Work task:
All lines in the records below from the line with "AMANDA BELLAN LONDON/レディース腕時計【新品】 - アクセサリー" through the line with "Seagate Backup Plus" are to be given again exactly, both ends included; the pictures are to be left out.

Supplied material:
★ ★ ★ ★
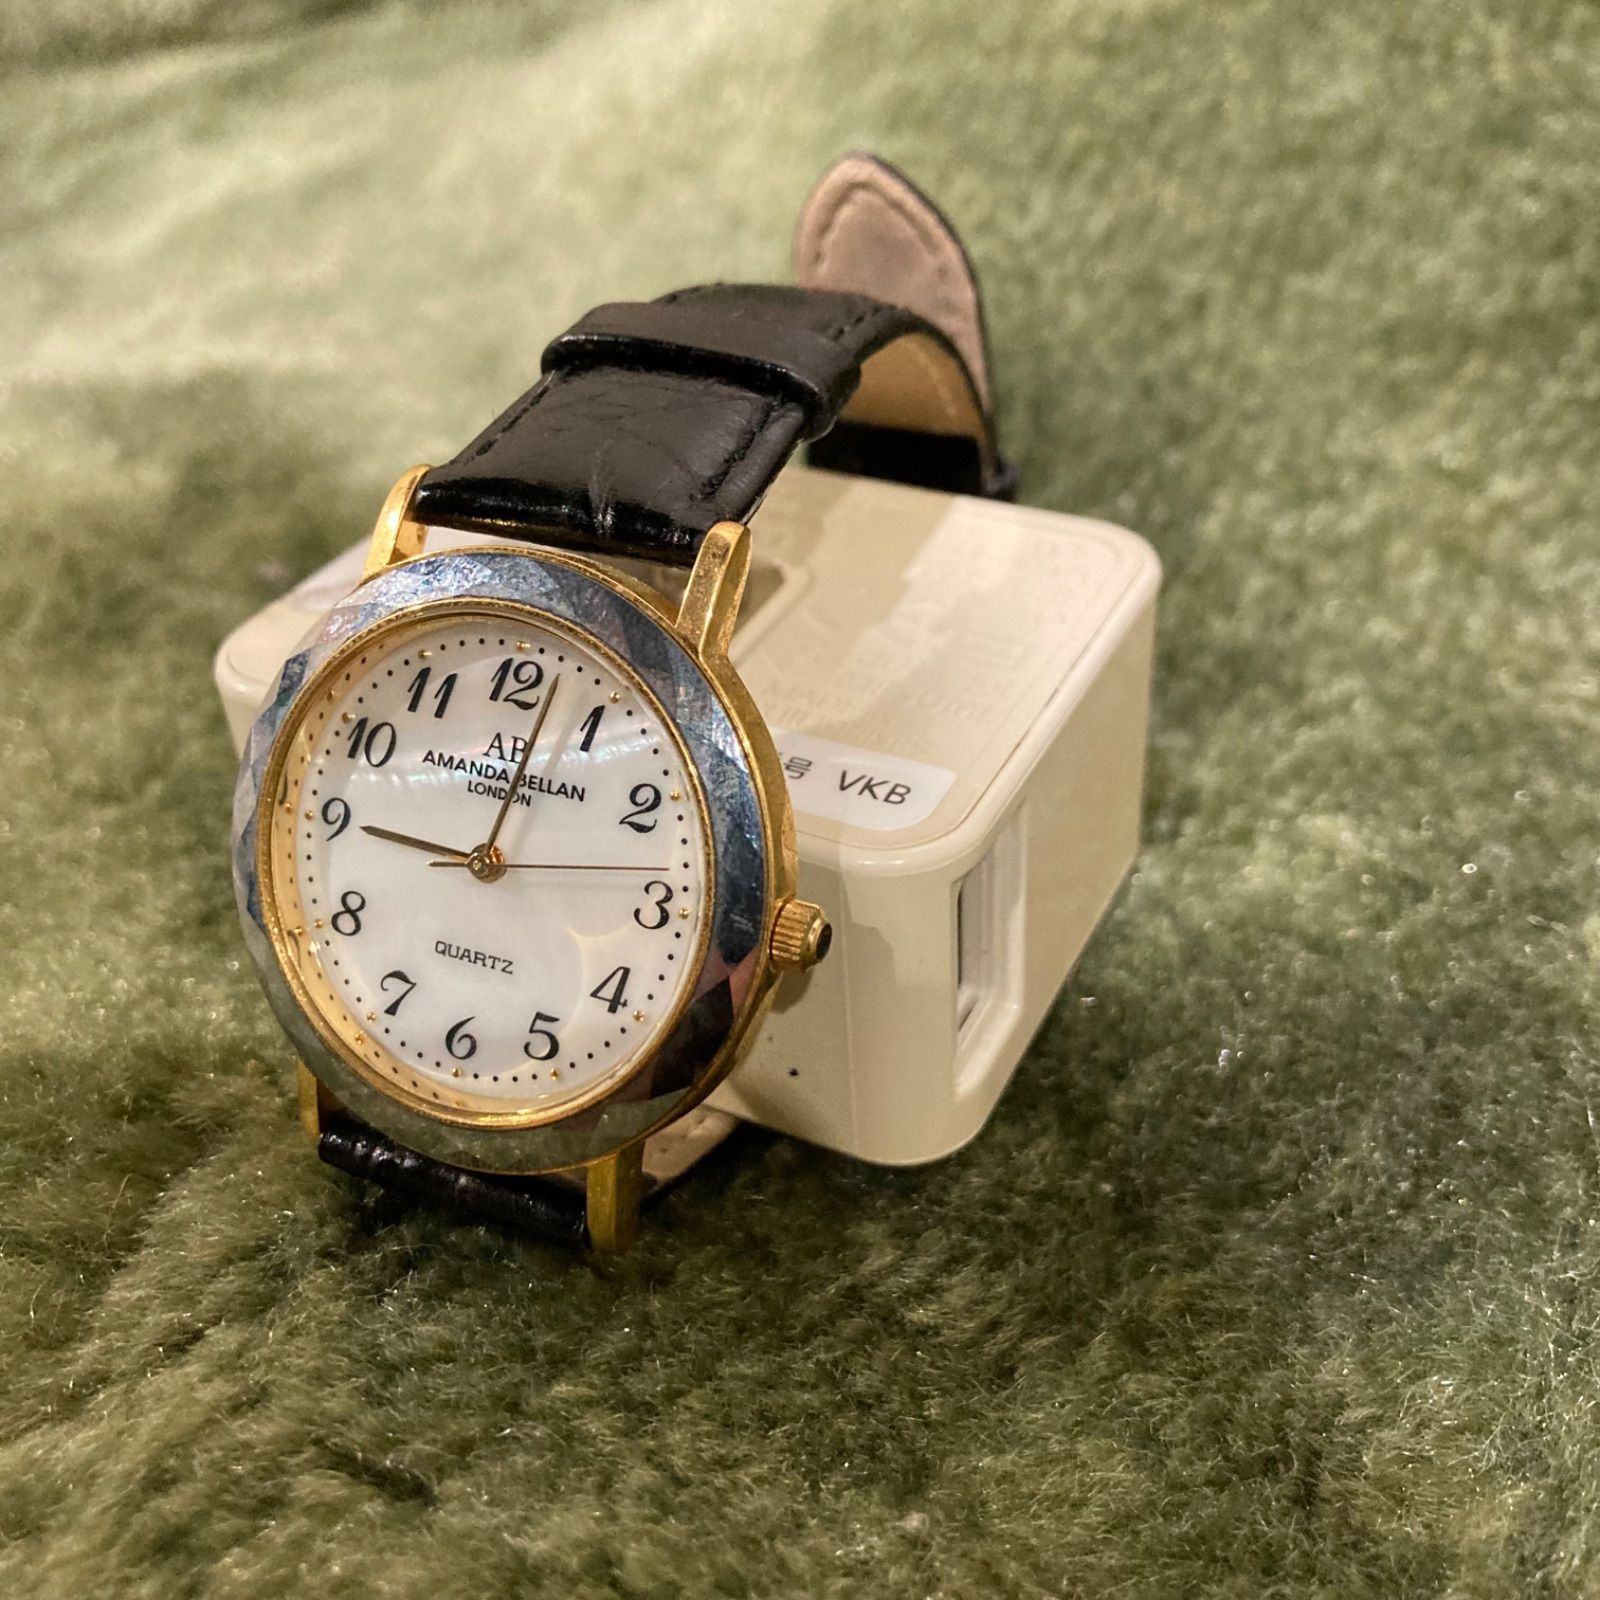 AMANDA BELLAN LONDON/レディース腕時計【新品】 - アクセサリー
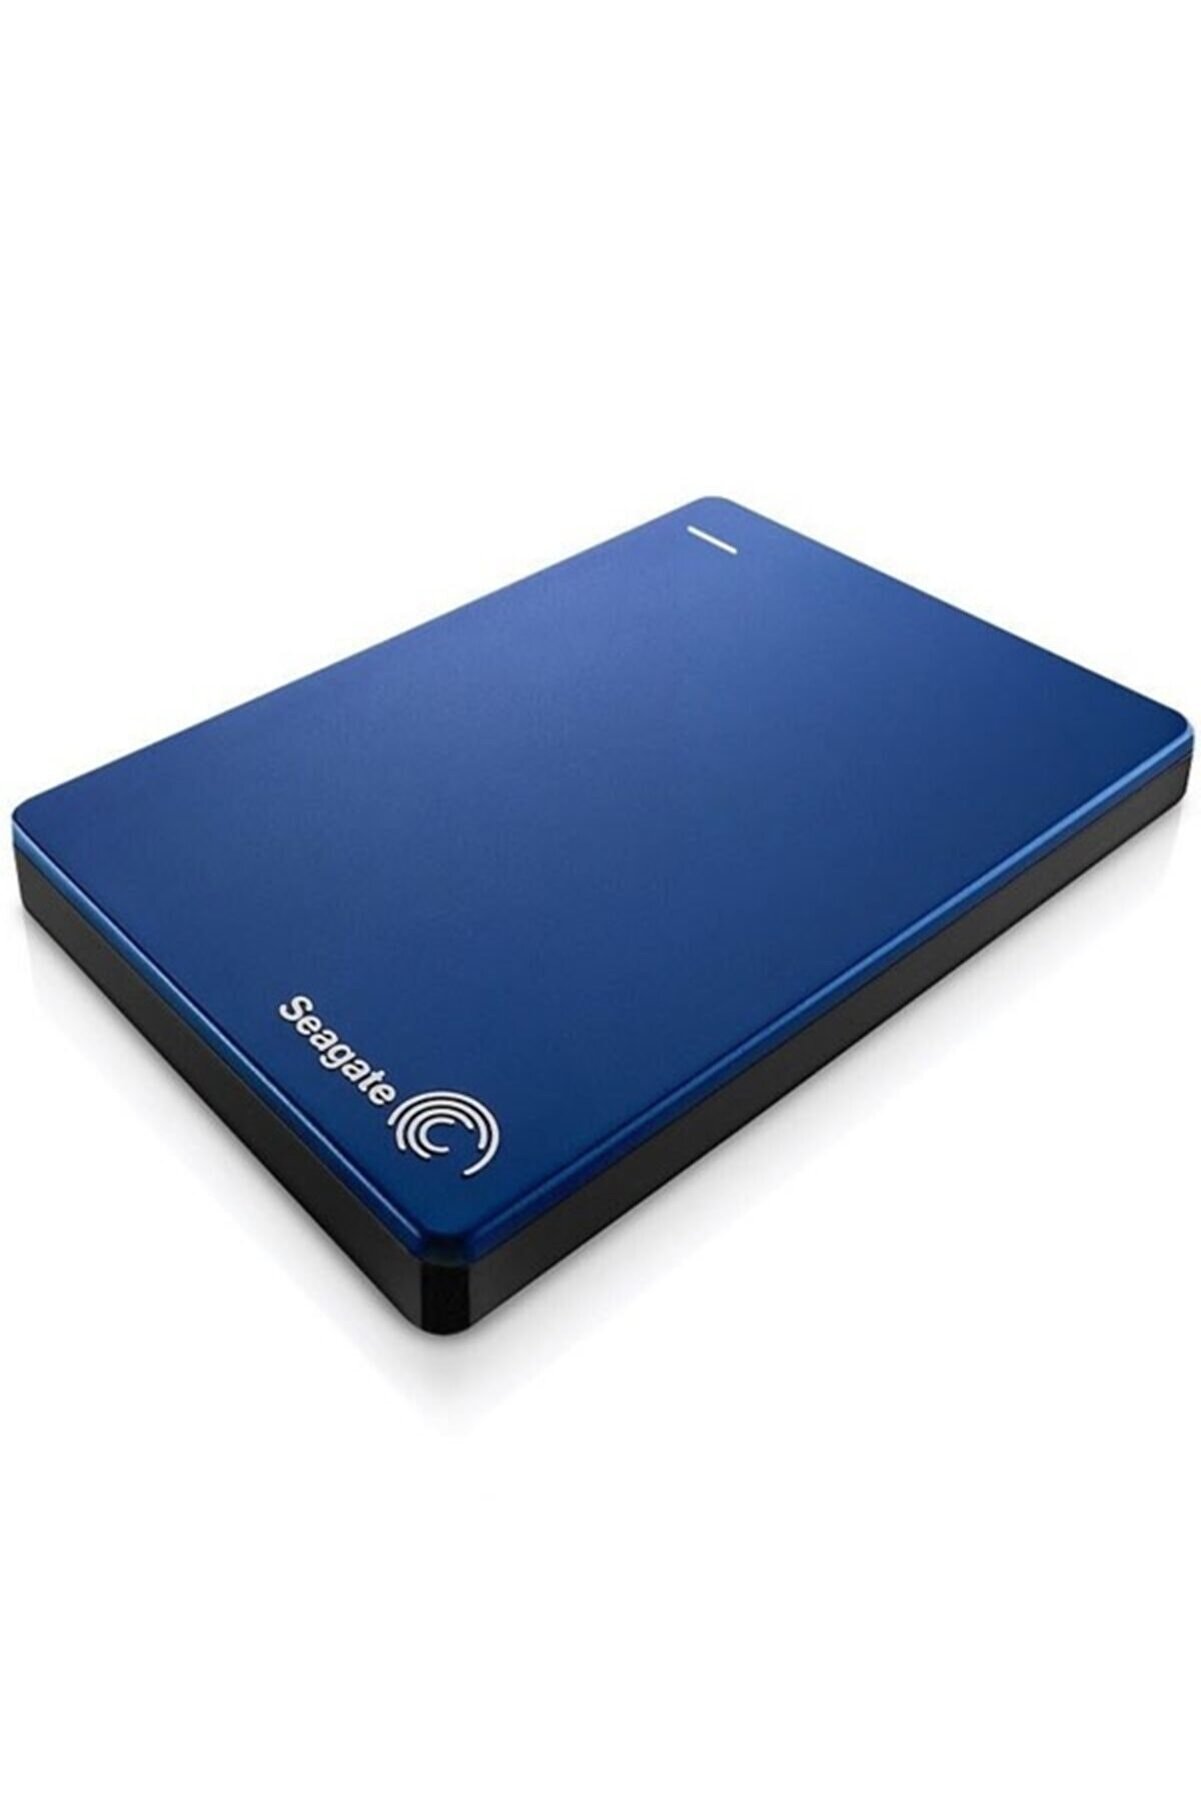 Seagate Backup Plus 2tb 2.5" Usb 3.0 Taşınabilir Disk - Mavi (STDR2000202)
★ ★ ★ ★
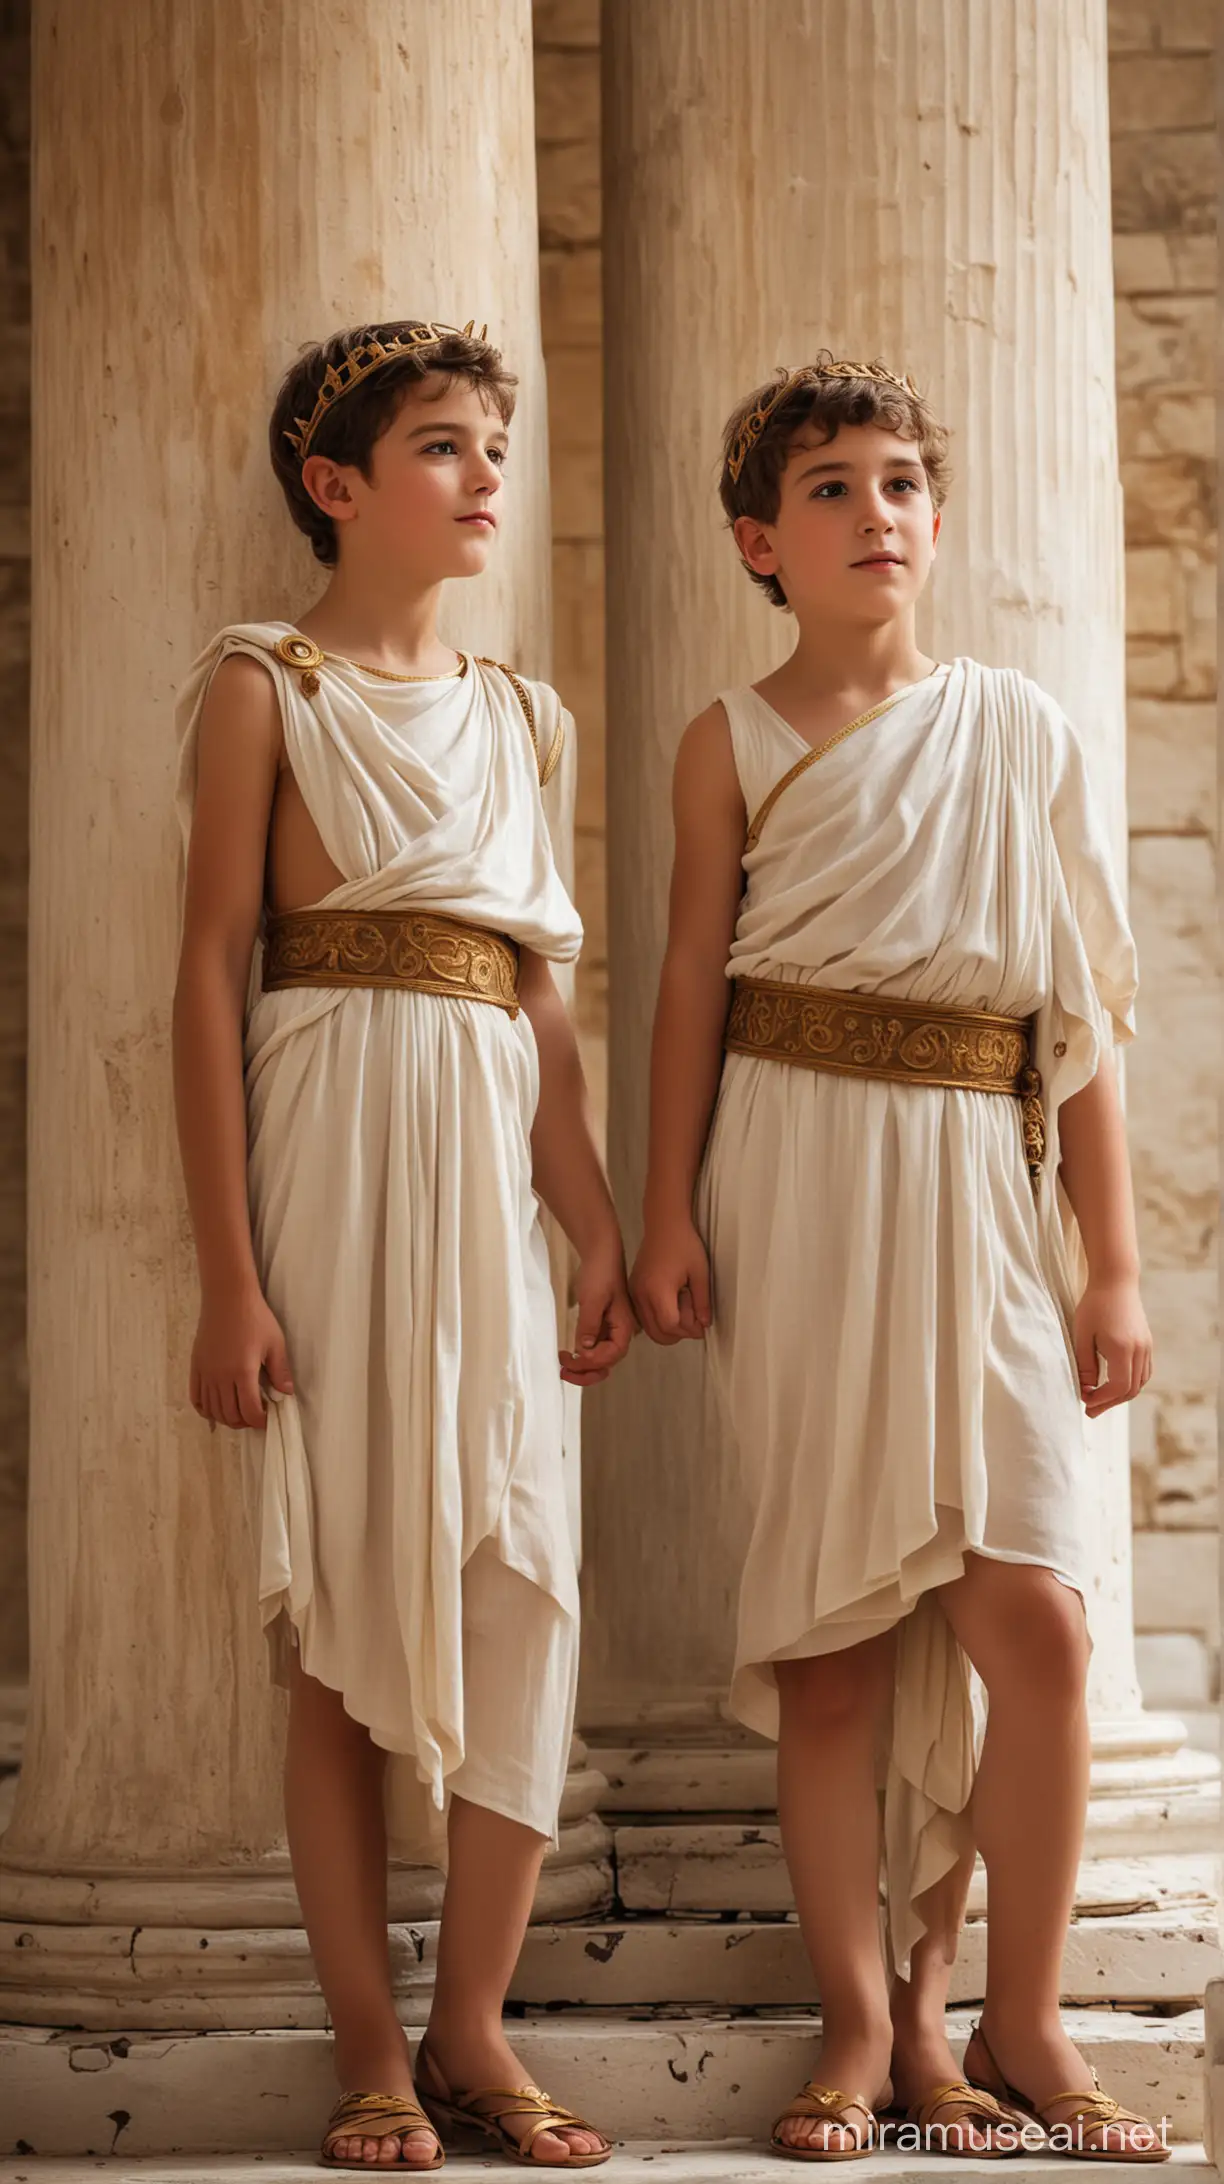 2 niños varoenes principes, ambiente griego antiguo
★ ★ ★ ★
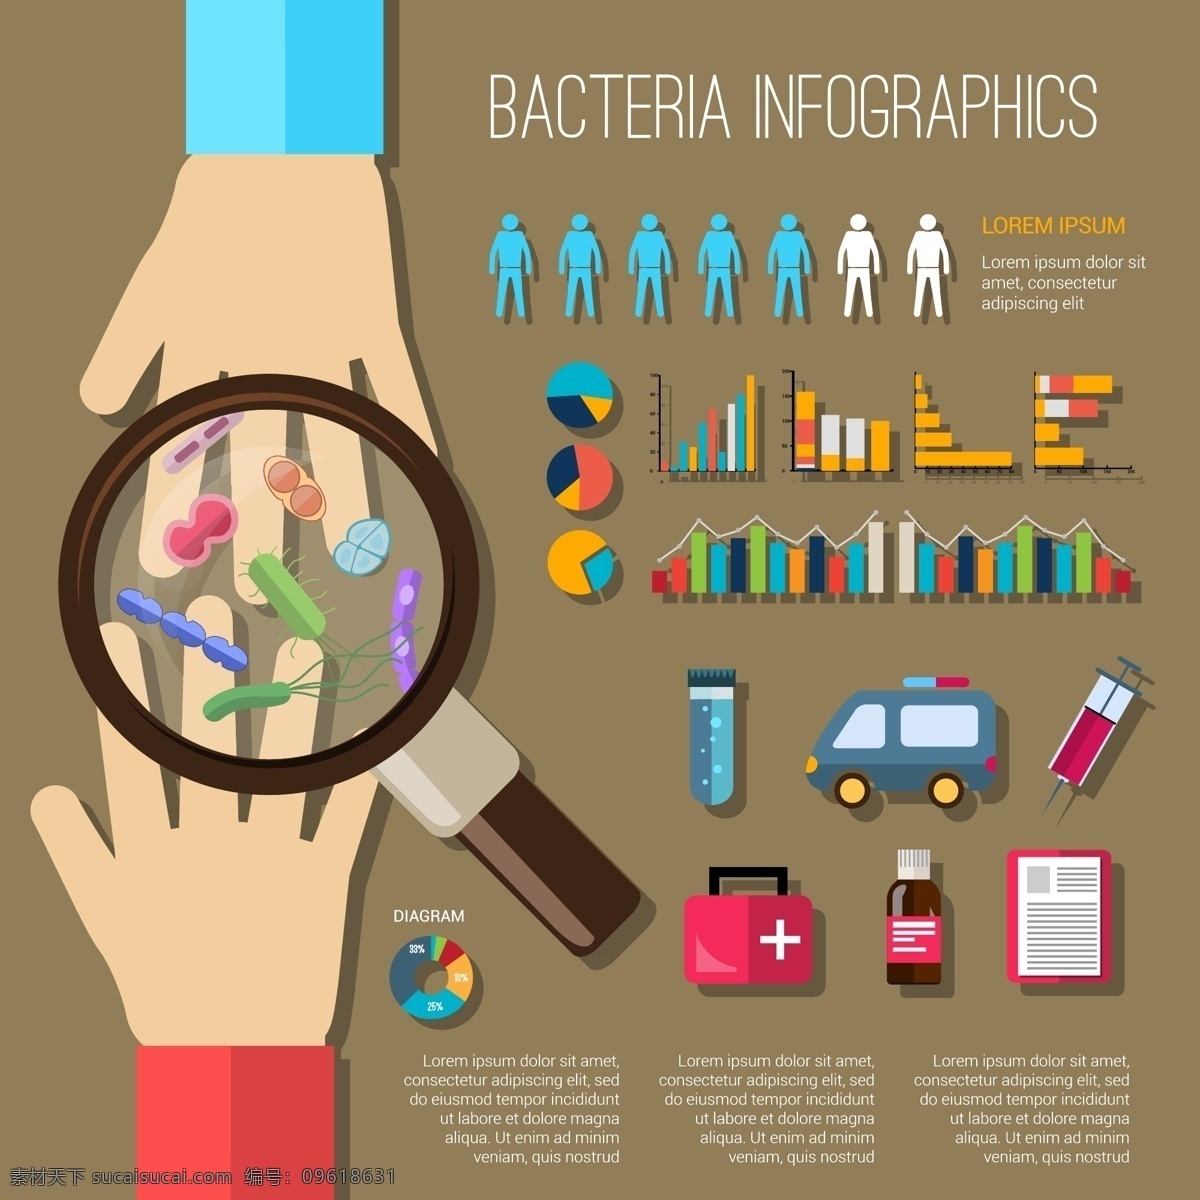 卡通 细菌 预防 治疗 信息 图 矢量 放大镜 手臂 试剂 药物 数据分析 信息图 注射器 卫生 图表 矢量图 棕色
★ ★ ★ ★
Task output:
 AMANDA BELLAN LONDON/レディース腕時計【新品】 - アクセサリー
 Seagate Backup Plus 2tb 2.5" Usb 3.0 Taşınabilir Disk - Mavi (STDR2000202)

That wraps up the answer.